Compilation album by Bing Crosby
- Released: 1948
- Recorded: 1944, 1947
- Genre: Popular
- Length: 16:30
- Label: Decca Records

Bing Crosby chronology
| St. Valentine's Day (1948) | Bing Crosby Sings with Al Jolson, Bob Hope, Dick Haymes and the Andrews Sisters (1948) | Selections from Road to Rio (w/ The Andrews Sisters) (1948) |

= Bing Crosby Sings with Al Jolson, Bob Hope, Dick Haymes and the Andrews Sisters =

Bing Crosby Sings with Al Jolson, Bob Hope, Dick Haymes and the Andrews Sisters is a Bing Crosby Decca Records studio 78 rpm album of phonograph records featuring Crosby with several of Decca's top artists.

==Background==
Bing Crosby had enjoyed unprecedented success during the 1940s with his discography showing six No. 1 hits in 1944 alone. His films such as Going My Way and The Bells of St. Mary's were huge successes as were the Road films he made with Bob Hope. On radio, his Kraft Music Hall and Philco Radio Time shows were very popular. Decca Records built on this by issuing a number of 78rpm album sets, some featuring freshly recorded material and others utilizing Crosby's back catalog. Ten of these sets were released in 1946, nine in 1947 and ten more in 1948.

Bing Crosby Sings with Al Jolson, Bob Hope, Dick Haymes and the Andrews Sisters includes several songs which had already enjoyed chart success – "Road to Morocco", "Alexander's Ragtime Band" and "There's No Business Like Show Business".

==Reception==
Billboard had reviewed the songs as they were issued as singles with mixed results:
Put It There, Pal – Road to Morocco
From the standpoint of merchandise, there is mucho mucho in the mating of Bing Crosby and Bob Hope to introduce the label's new Specialty Series. But as much as one must admire the artistry of both gents in their respective fields, neither Bing nor Bob give a fair sample of their talents in this spinning. As a matter of fact, it's a case where singer Bing tries to turn comic and funny man Hope casts himself as a singer. The net result is a nonentity. Were it not for the names involved, it can all pass off as a home-spun ham on the part of a pair of parlor wits. Crosby and Hope merely have a session of synthetic fun, leaving the listener to wonder what it is all about. Even with the song material, it's much ado over nothing. Both selections are of the novelty genre, scooped up skimpishly by Jimmy Van Heusen and Johnny Burke for movie scores. "Put It There, Pal" is a feeble attempt to create a "Mr. Gallagher and Mr. Shean" pattern. But it never does. "Road to Morocco" displays even less ingenuity as song material for such a high-powered pair. Hope, who needs more expanse than what a confiding platter can afford, signs off with an under-breath murmur—"We can be arrested!" And he ain't kidding, bub! Vic Schoen's musical beats, keeping the spinning bright, should help to bring in some nickels strictly on the novelty strength of the pair of big names involved in this needling.

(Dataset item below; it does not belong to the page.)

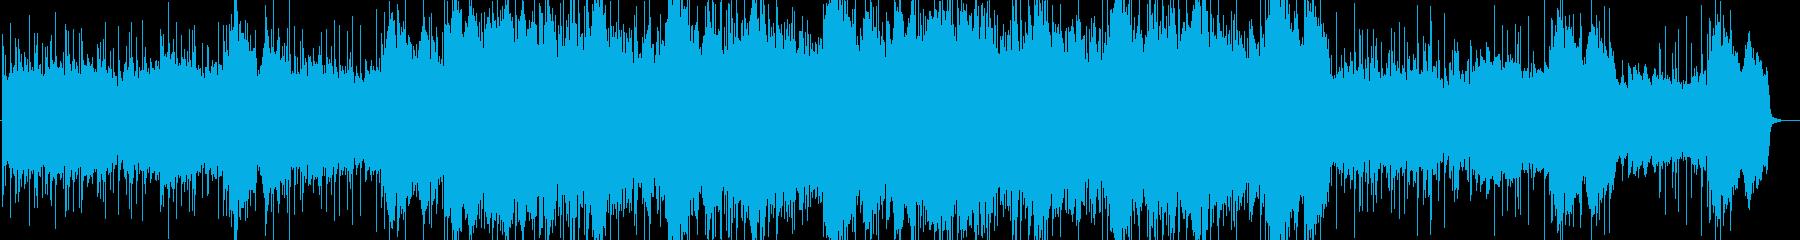 オーケストラと電子楽器の現代的なミックスの再生済みの波形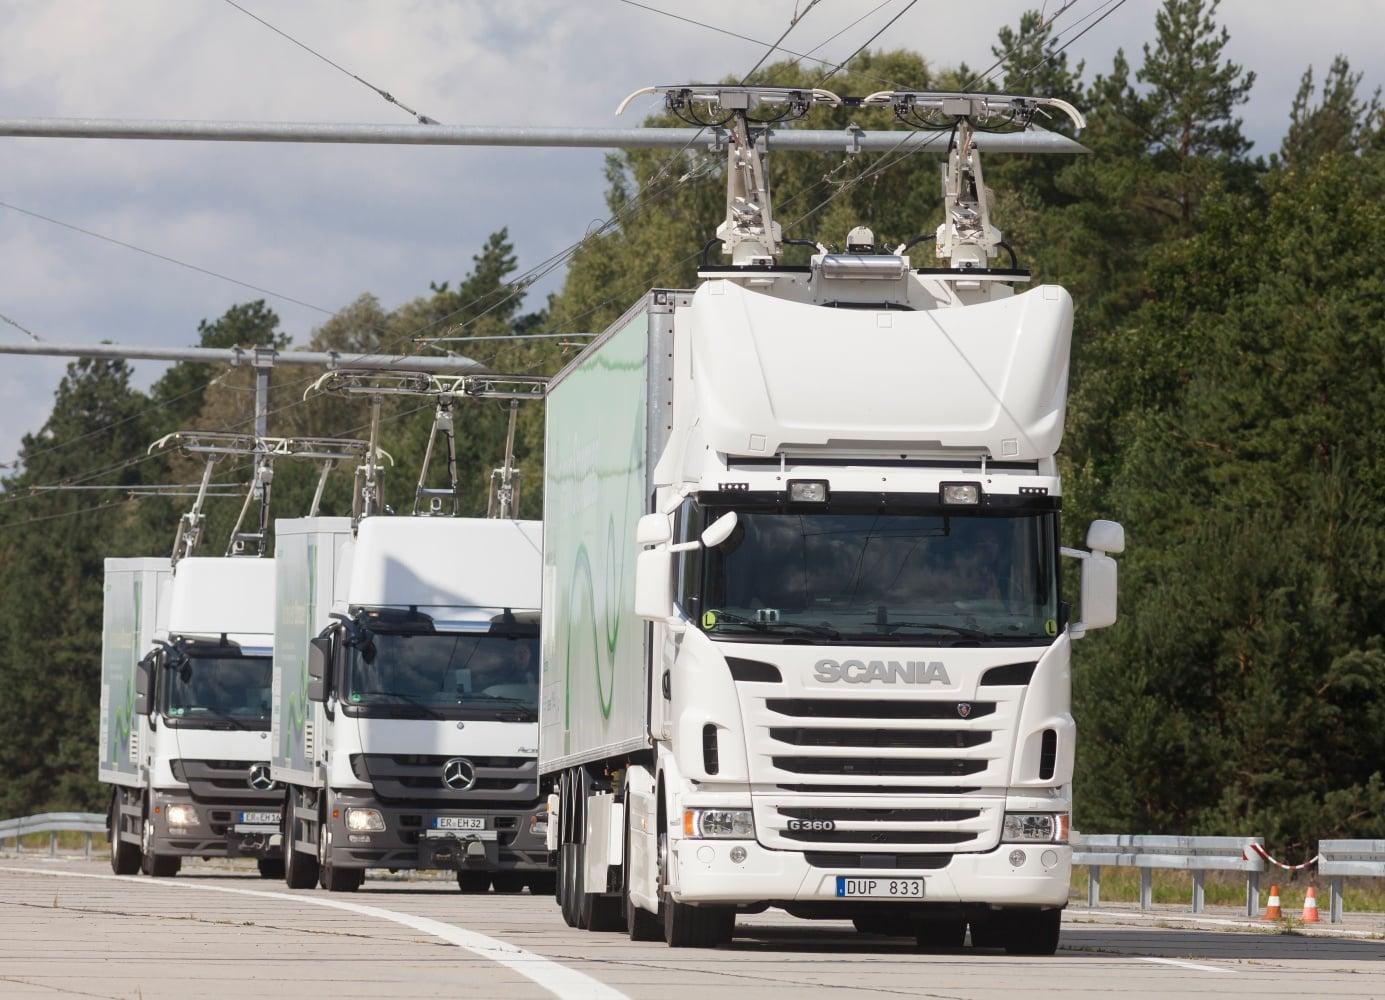 Elektryczne autostrady już są testowane w Niemczech. Docelowo mają mieć łącznie 1000 km 20

There's No Business Like Show Business – Anything You Can Do, I Can Do Better
Take two Irving Berlin favorites from an "Annie, Get Your Gun" legiter, give them to Bing Crosby to record, or Dick Haymes or Andrews Sisters—or, hey, wait a minute, give'm to all three and don't you wish you could buy shares of Decca stock. It's a buck platter, we know, but triple talent such as this on one black biscuit won't do until the next thing comes along. Great material…Great recording…should go over solid.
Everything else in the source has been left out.